BRIEF
What you give back from the listing below should be an exact copy of the lines from the one with "Pupils smiling with" down to the one with "Kitchenaid 10 5-ply", and it should contain no pictures.

INPUT RECORDS
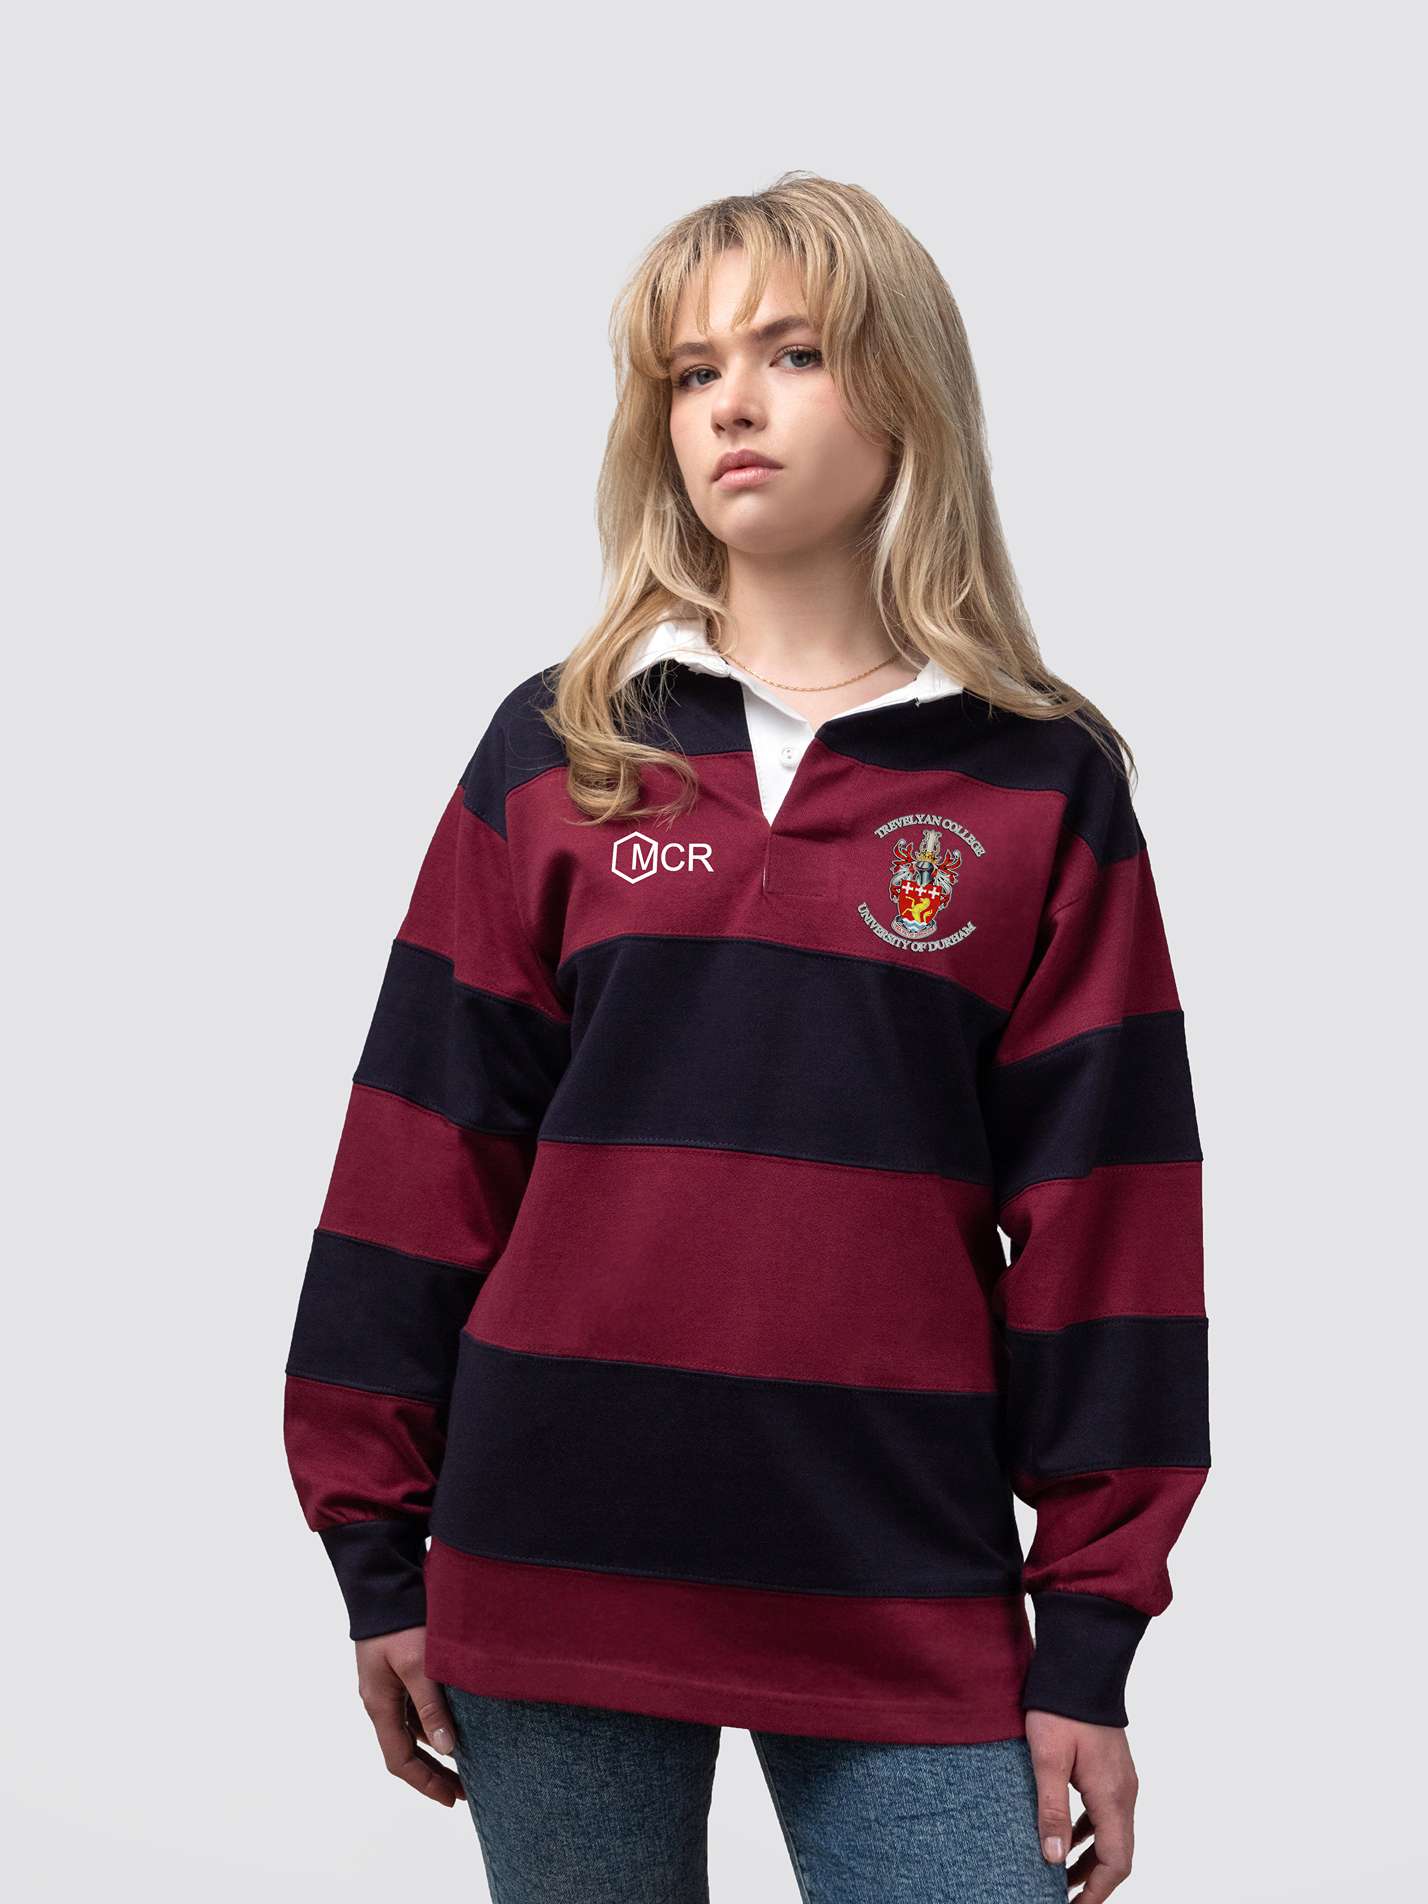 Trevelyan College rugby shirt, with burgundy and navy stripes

* * *

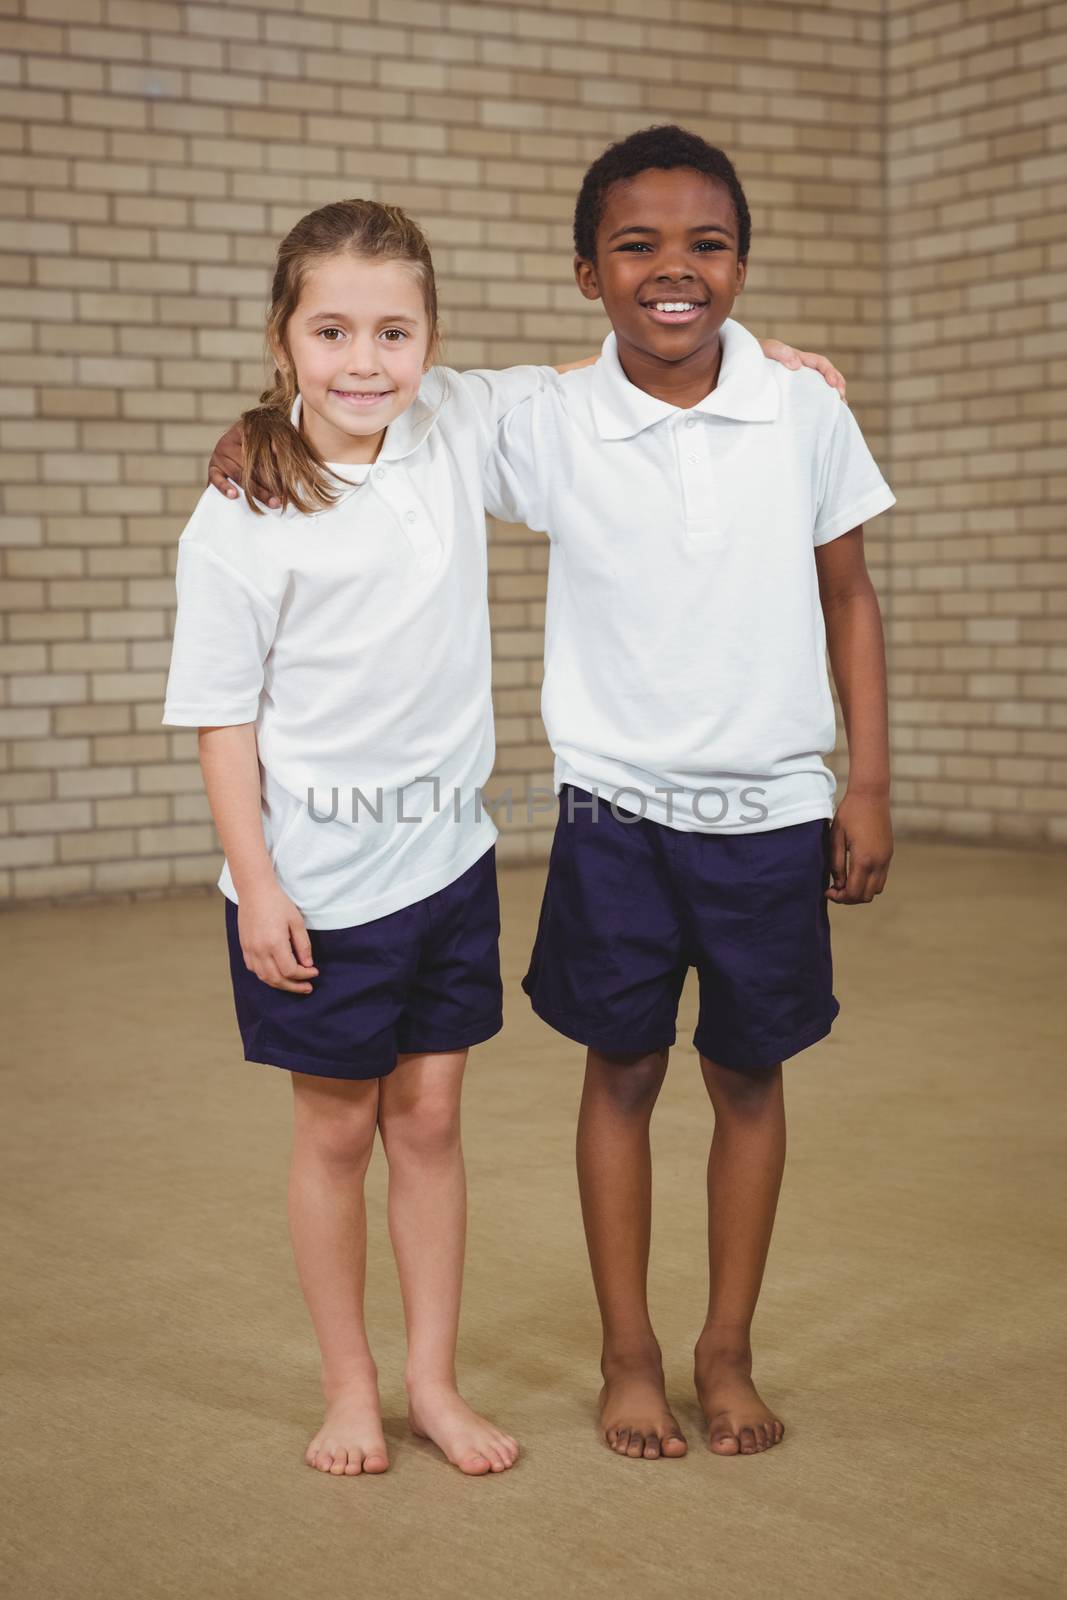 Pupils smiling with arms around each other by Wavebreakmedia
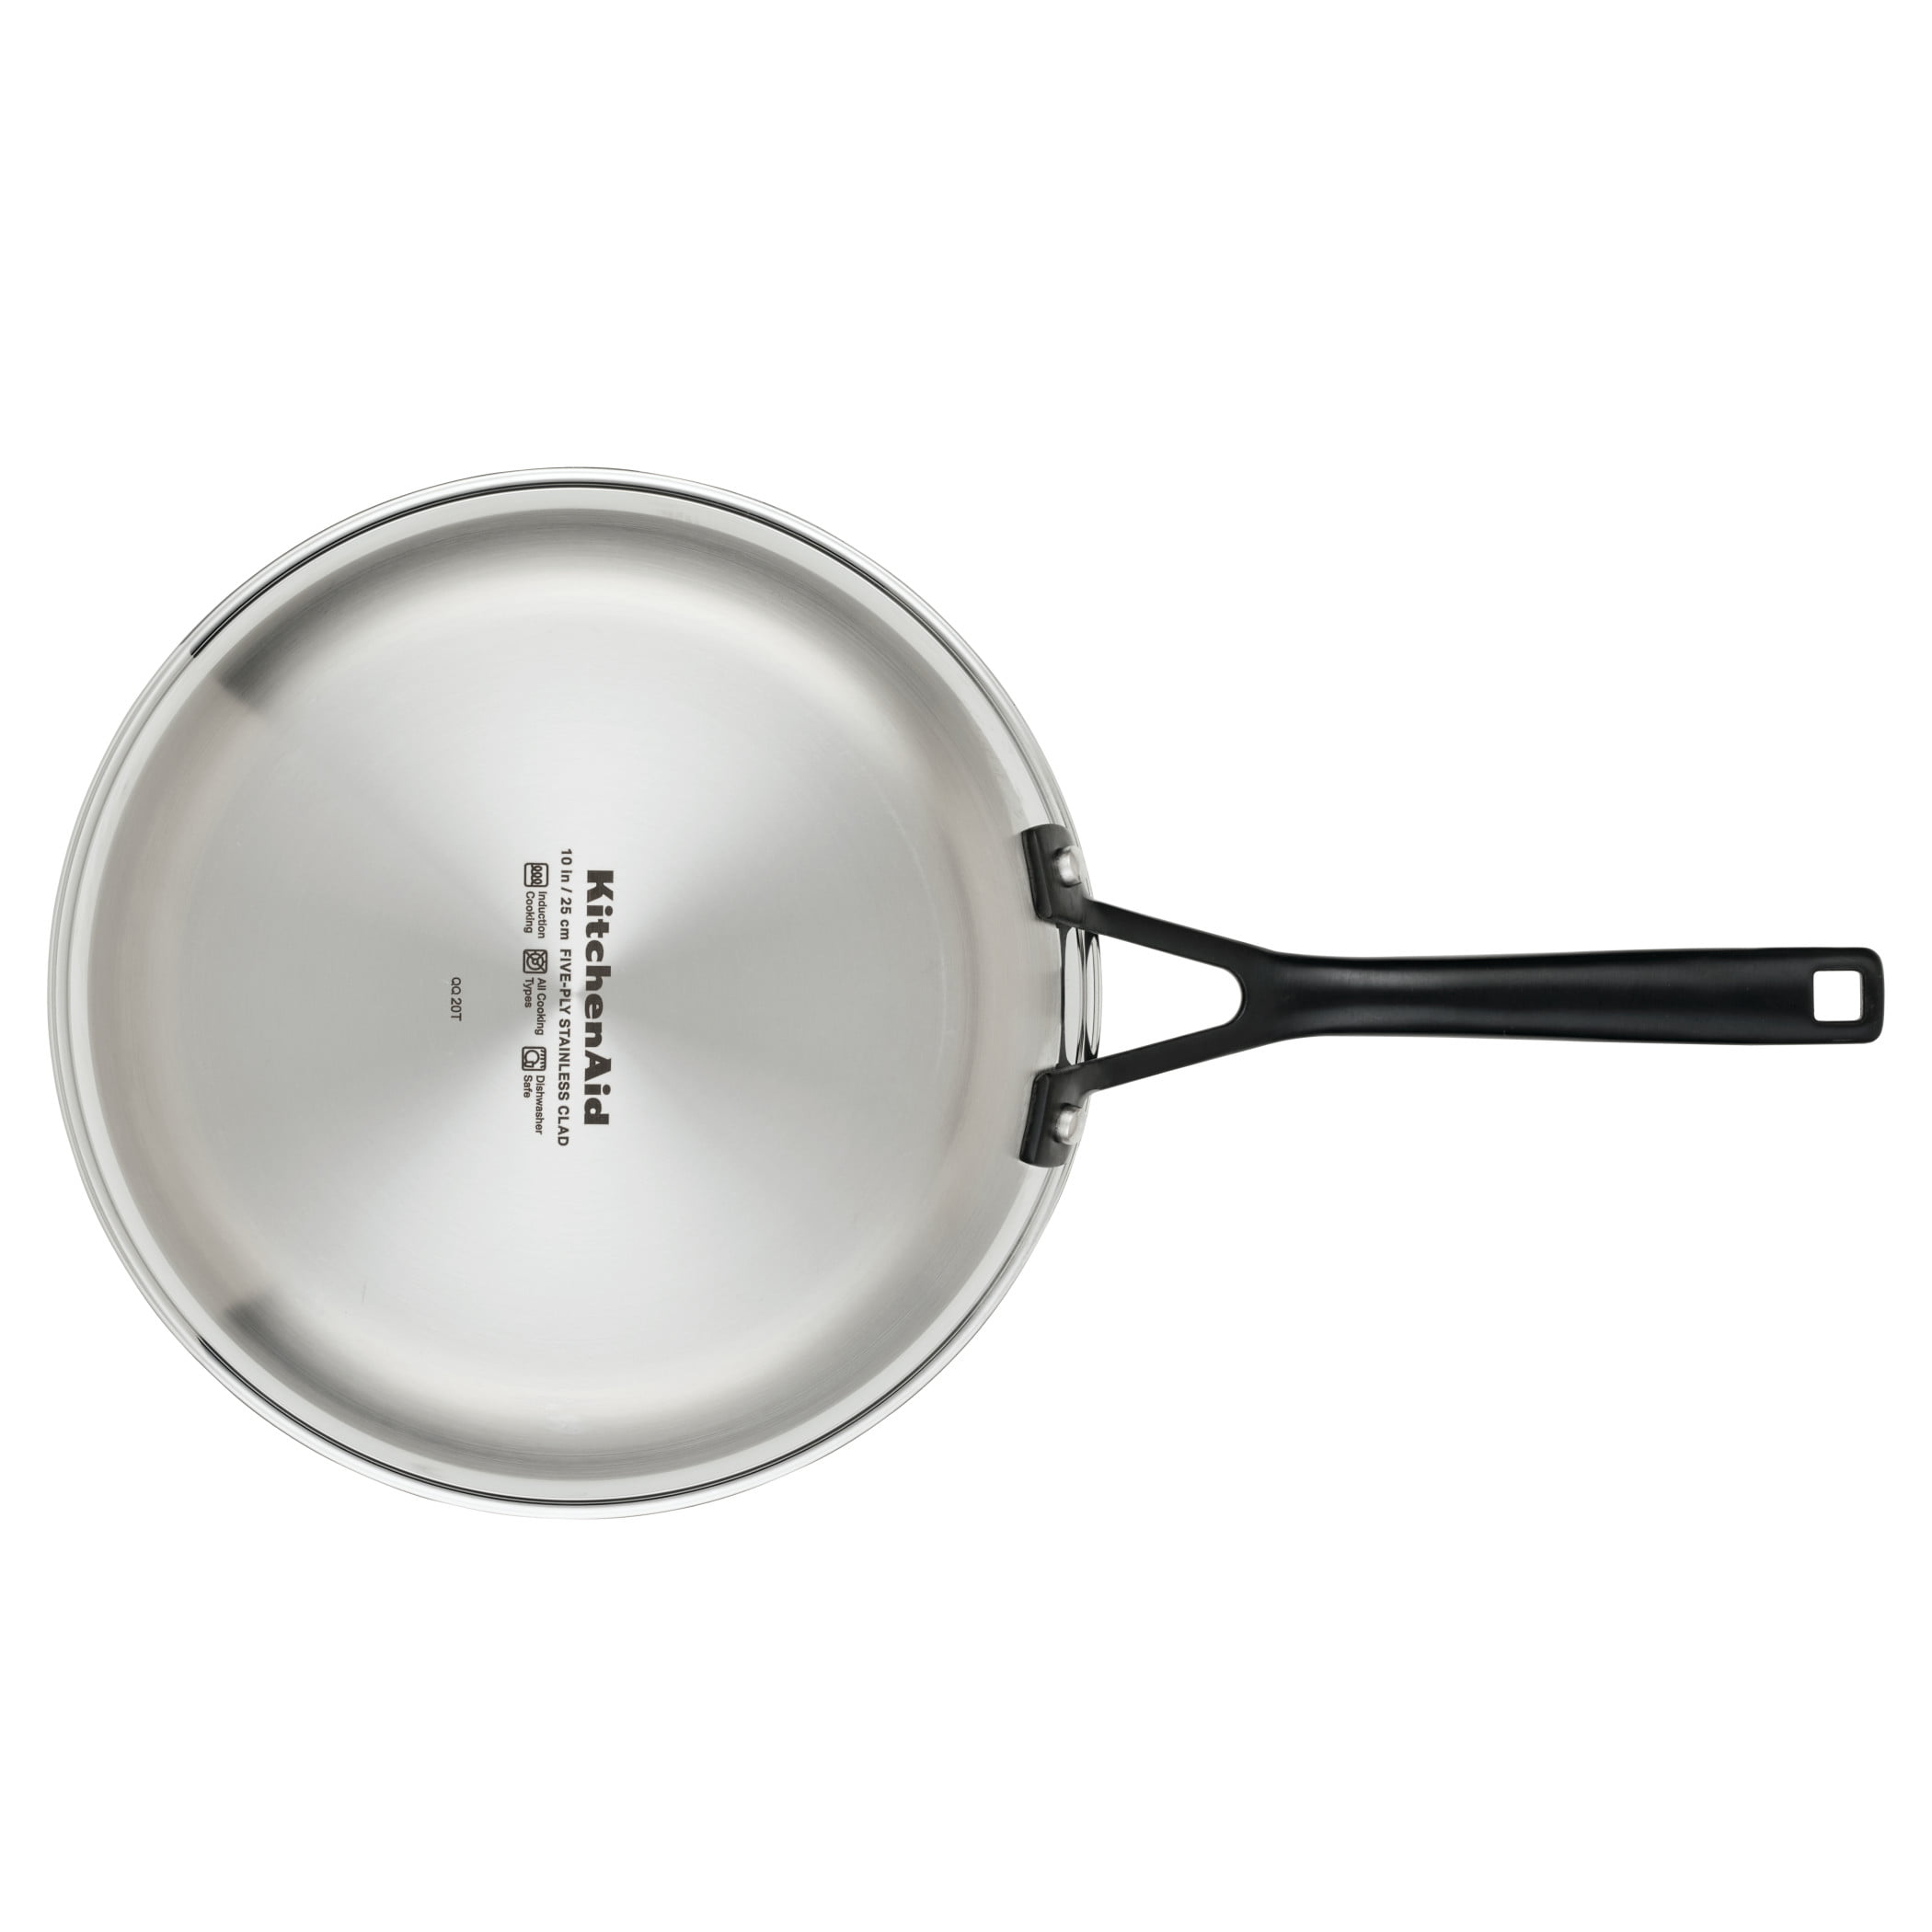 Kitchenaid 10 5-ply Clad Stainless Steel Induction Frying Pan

OUTPUT BELOW
 Pupils smiling with arms around each other by Wavebreakmedia
 Kitchenaid 10 5-ply Clad Stainless Steel Induction Frying Pan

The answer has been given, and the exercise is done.